When MSMEs are able to develop their capabilities in supply, they can easily be integrated in the supply chains of big corporations. Moreover, large companies have plenty to learn from agile MSMEs due to their small size and the ease with which they churn out innovation. Big corporations will also have access to novel ideas provided by micro and small businesses, a situation which is difficult to obtain due to the bureaucratic nature of big corporations.
Curriculum programmes that foster entrepreneurship skills among women and young people must be promoted to consolidate a strong and sustainable African private sector. This is, in fact, being achieved through the ITC Youth and Trade Programme.
The African Trade Observatory is perhaps the best instrument to access and analyse African trade and market information, with trade data, expertise and tools all in one place. Its online dashboard features real-time trade and market access information across countries, products and markets. Companies use it to identify opportunities, comply with market requirements and connect with trade partners.

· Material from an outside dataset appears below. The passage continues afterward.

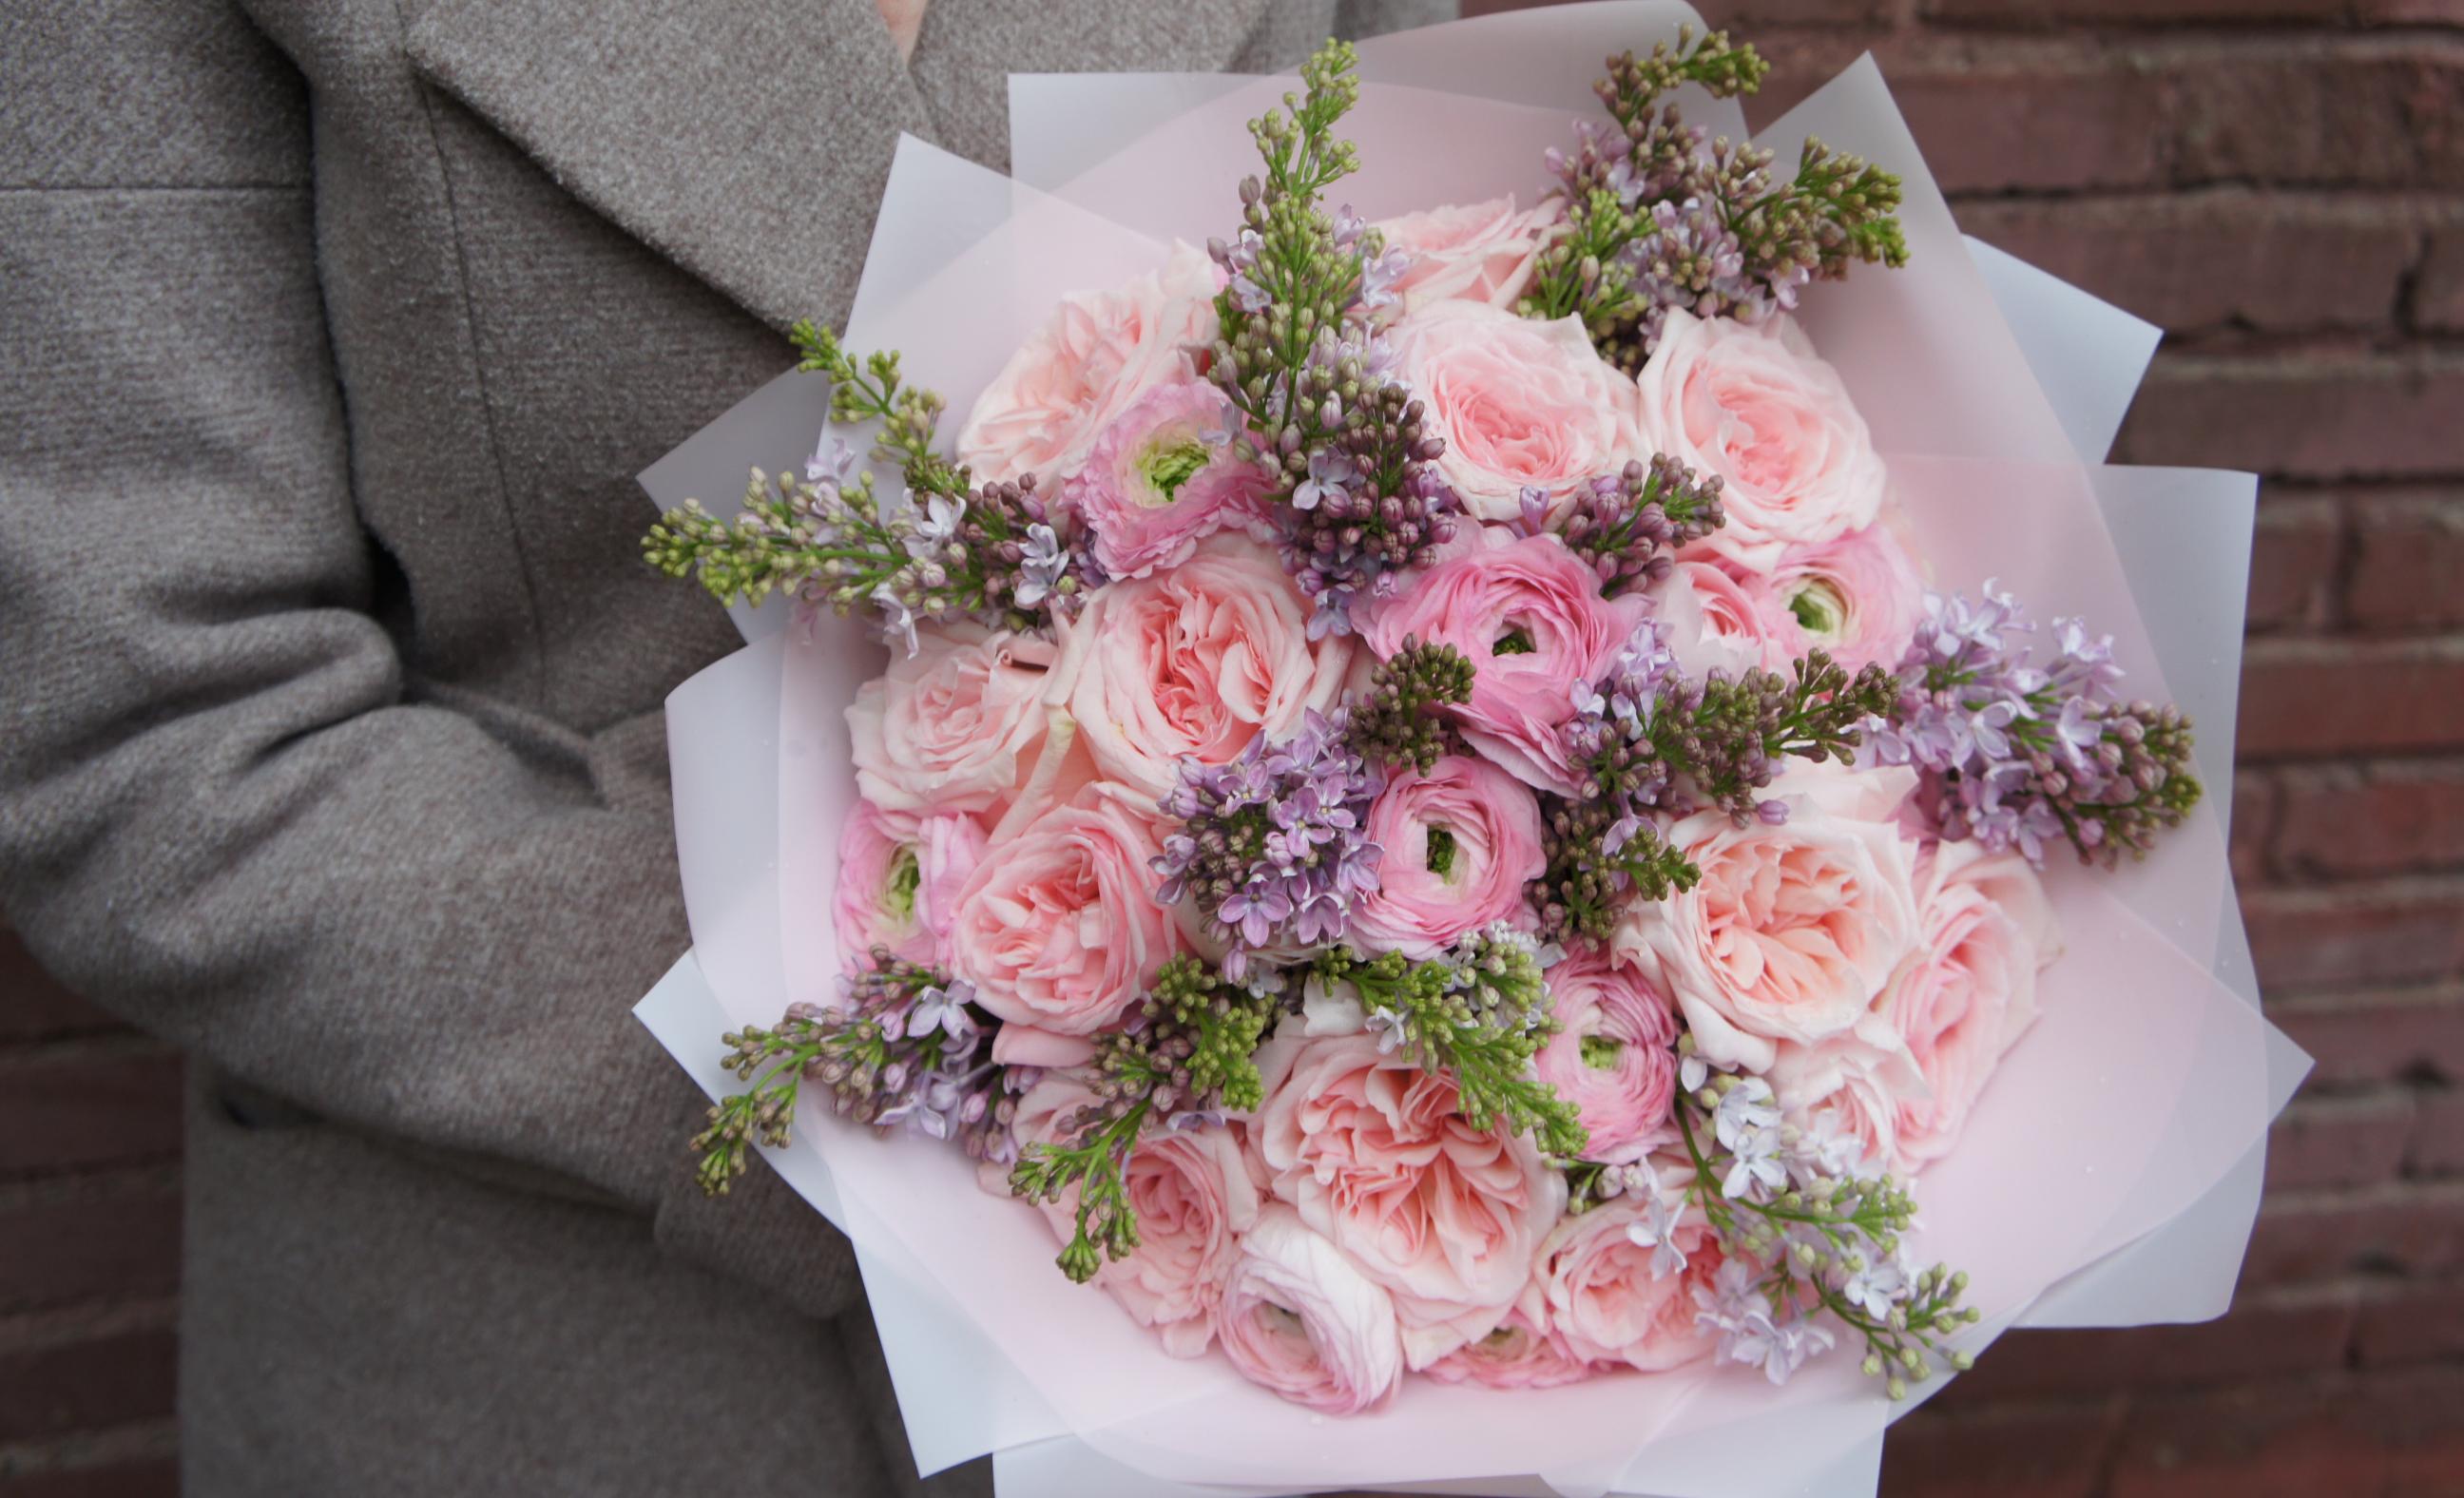 Купить букет / цветы Луиза в Москве с доставкой по отличной цене

The Observatory and other ITC trade market intelligence tools or services contribute to business sustainability, which in turn builds the capabilities of the firm to advance onto the global stage if so desired.

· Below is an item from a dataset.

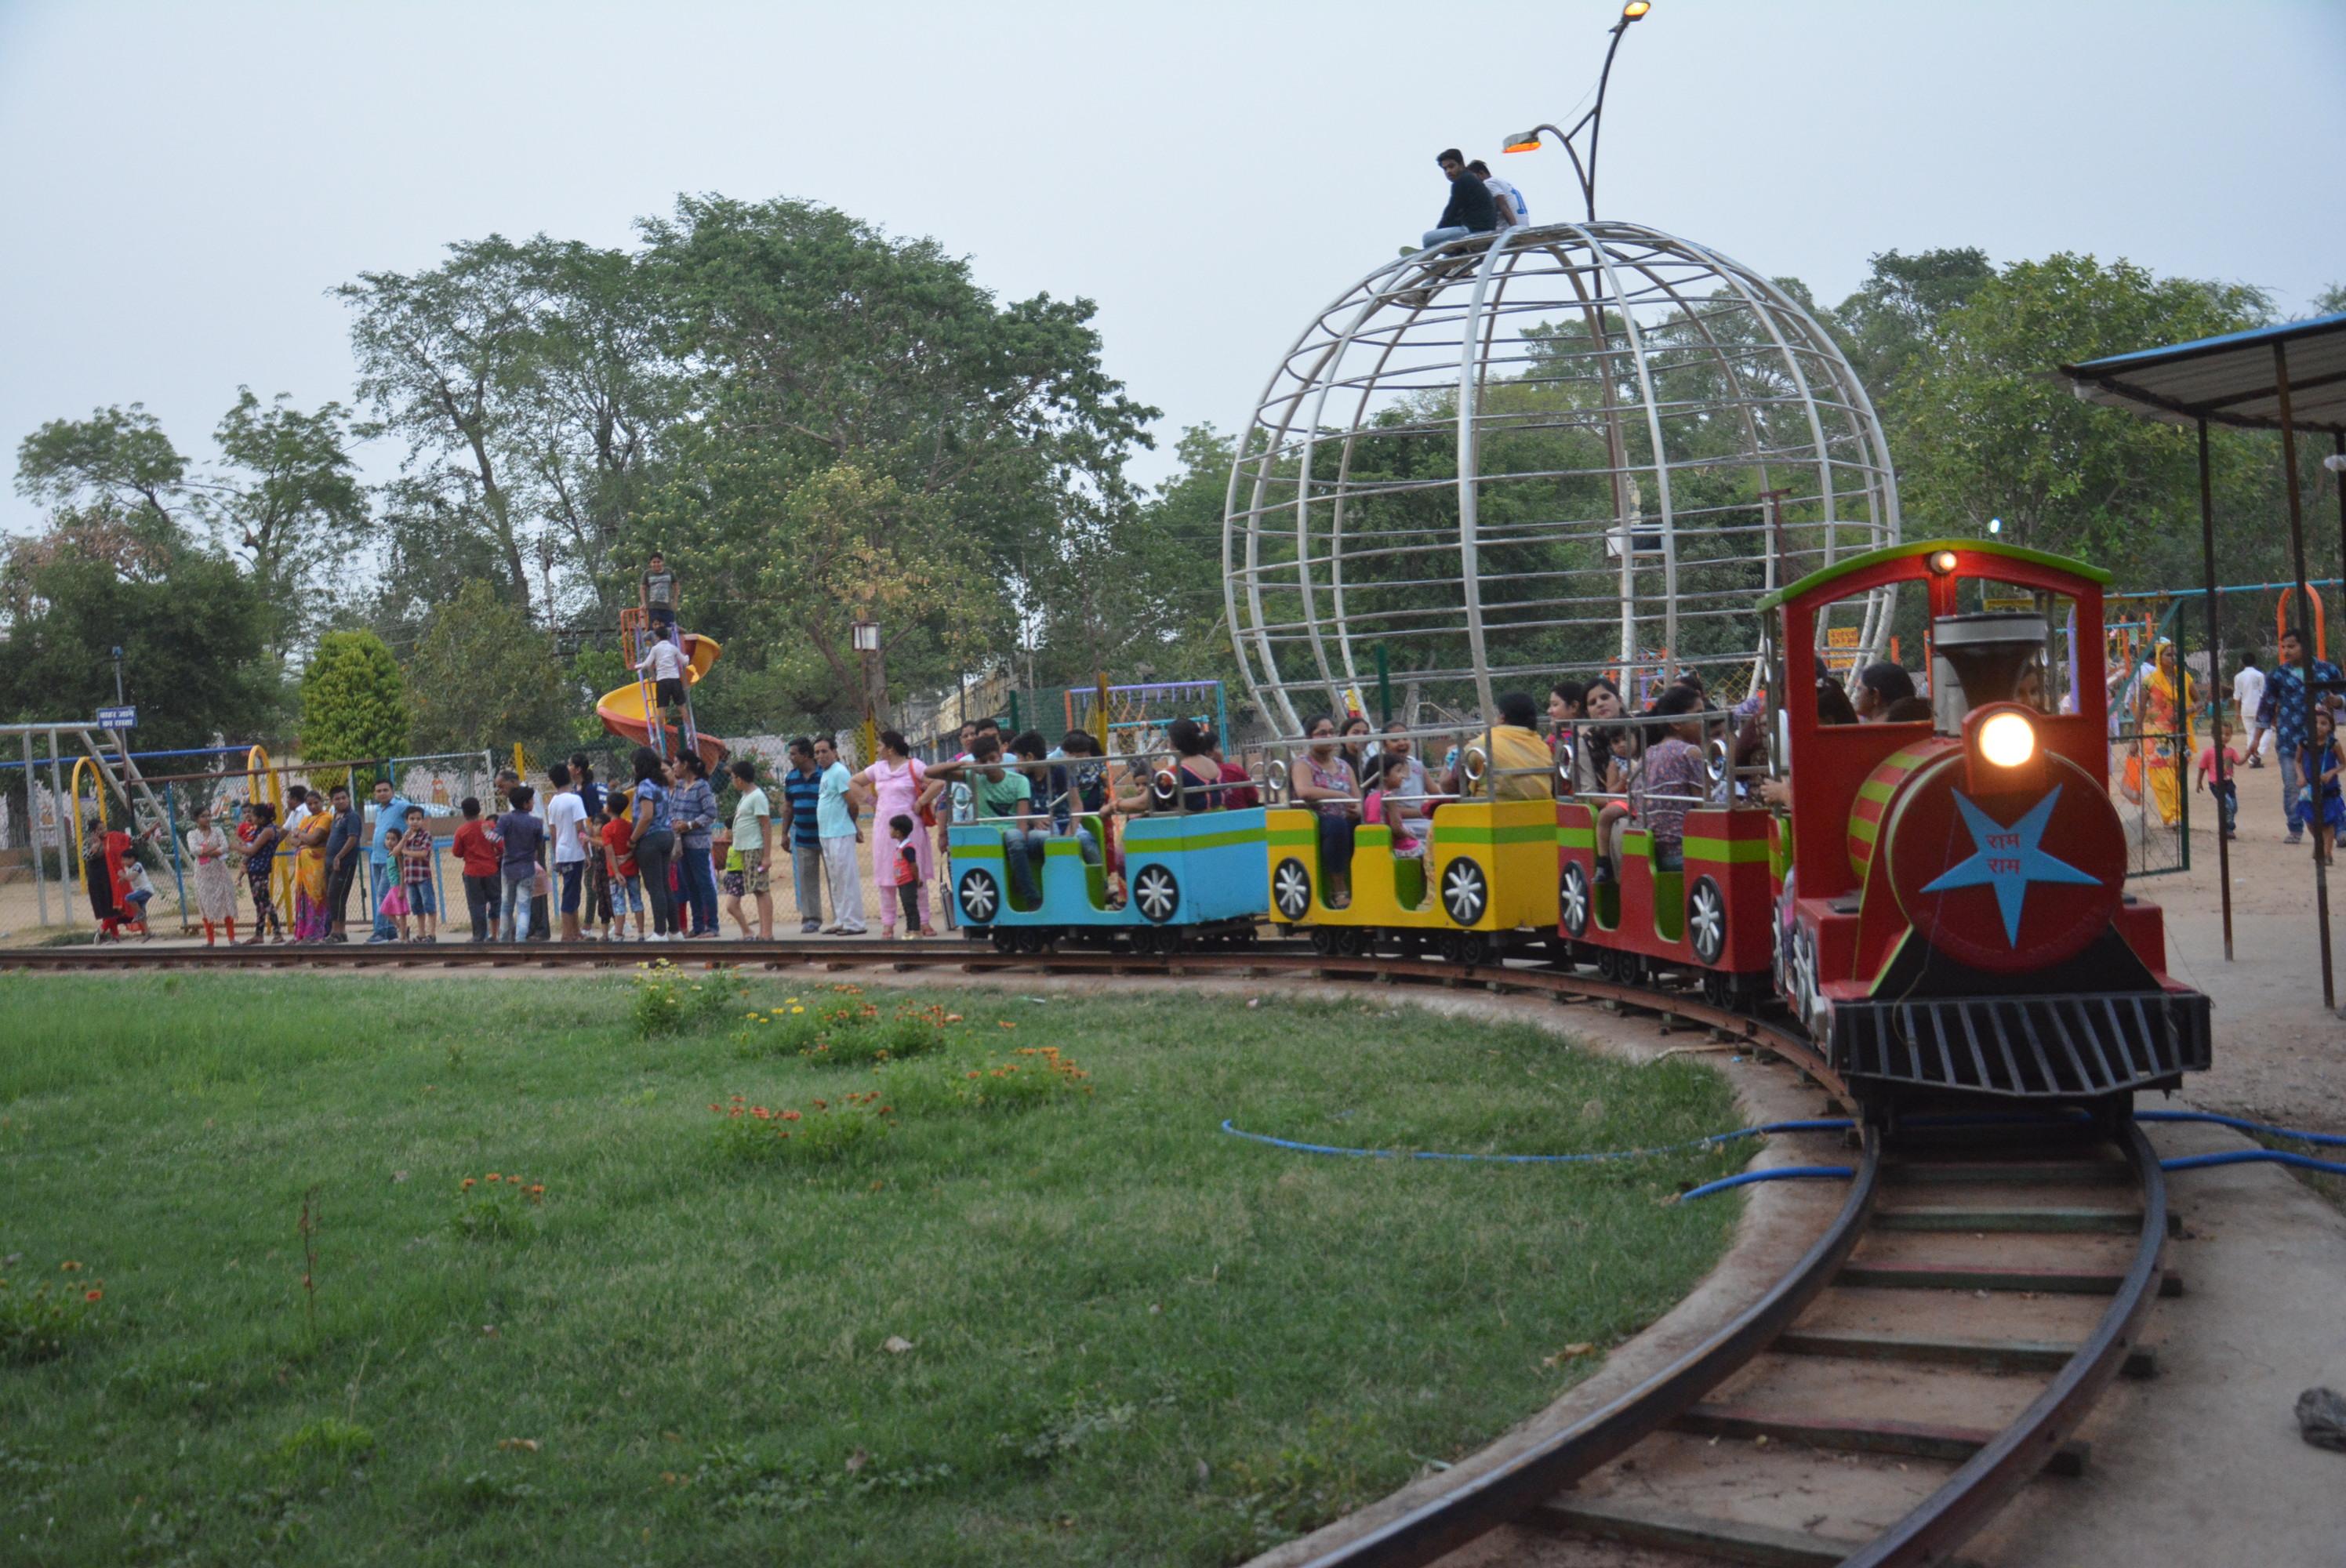 Kids enjoying on toy train at nehru garden in alwar

Business associations must offer robust products and services to help youth and women entrepreneurs to take advantage of the AfCFTA. They must produce concrete solutions that address specific market requirements. These associations have to provide tailor-made training, counselling and advisory services on quality, marketing, labelling and packaging services to better empower entrepreneurs and MSMEs to become more competitive. It is therefore critical that the AFCTA is understood by African business organizations to enable them to better support the African private sector in their positioning at the continental level. ITC is already working with African trade and investment promotion organizations, as well as sector associations to strengthen their technical offering.A MORE PREDICTABLE, RELIABLE ECOSYSTEM
African governments should acknowledge the business community as a key stakeholder in the process, whose views must be sought during all facets of negotiations. Their inputs should be seen as critical to influence the outcomes and to ensure that the potential benefits to business and the wider community are realized.
The business community also has a responsibility to become aware of the technical aspects of the AfCFTA; form common positions keeping in view the barriers faced by the most vulnerable (women, youth, micro enterprises etc.); and engage in business advocacy to play a constructive role in improving the business ecosystem. ITC is holding public-private dialogues in a number of African countries to ensure that the private sector is aware of not only the opportunities which may come from the AfCFTA, but also the reforms that might be adopted for the operationalization of the agreement at country level.
The epicentre of economic development is no longer concentrated in the North. There is huge potential in South-South trade and investment. ITC has made this a priority and is implementing two key projects worth $38 million in Africa which promote Chinese and Indian trade and investment. Recently there was an initiative which promoted the export of cashew nuts from West Africa to Viet Nam. ITC firmly believes that South-South trade and investment can be an important building block in the construction of the AfCFTA.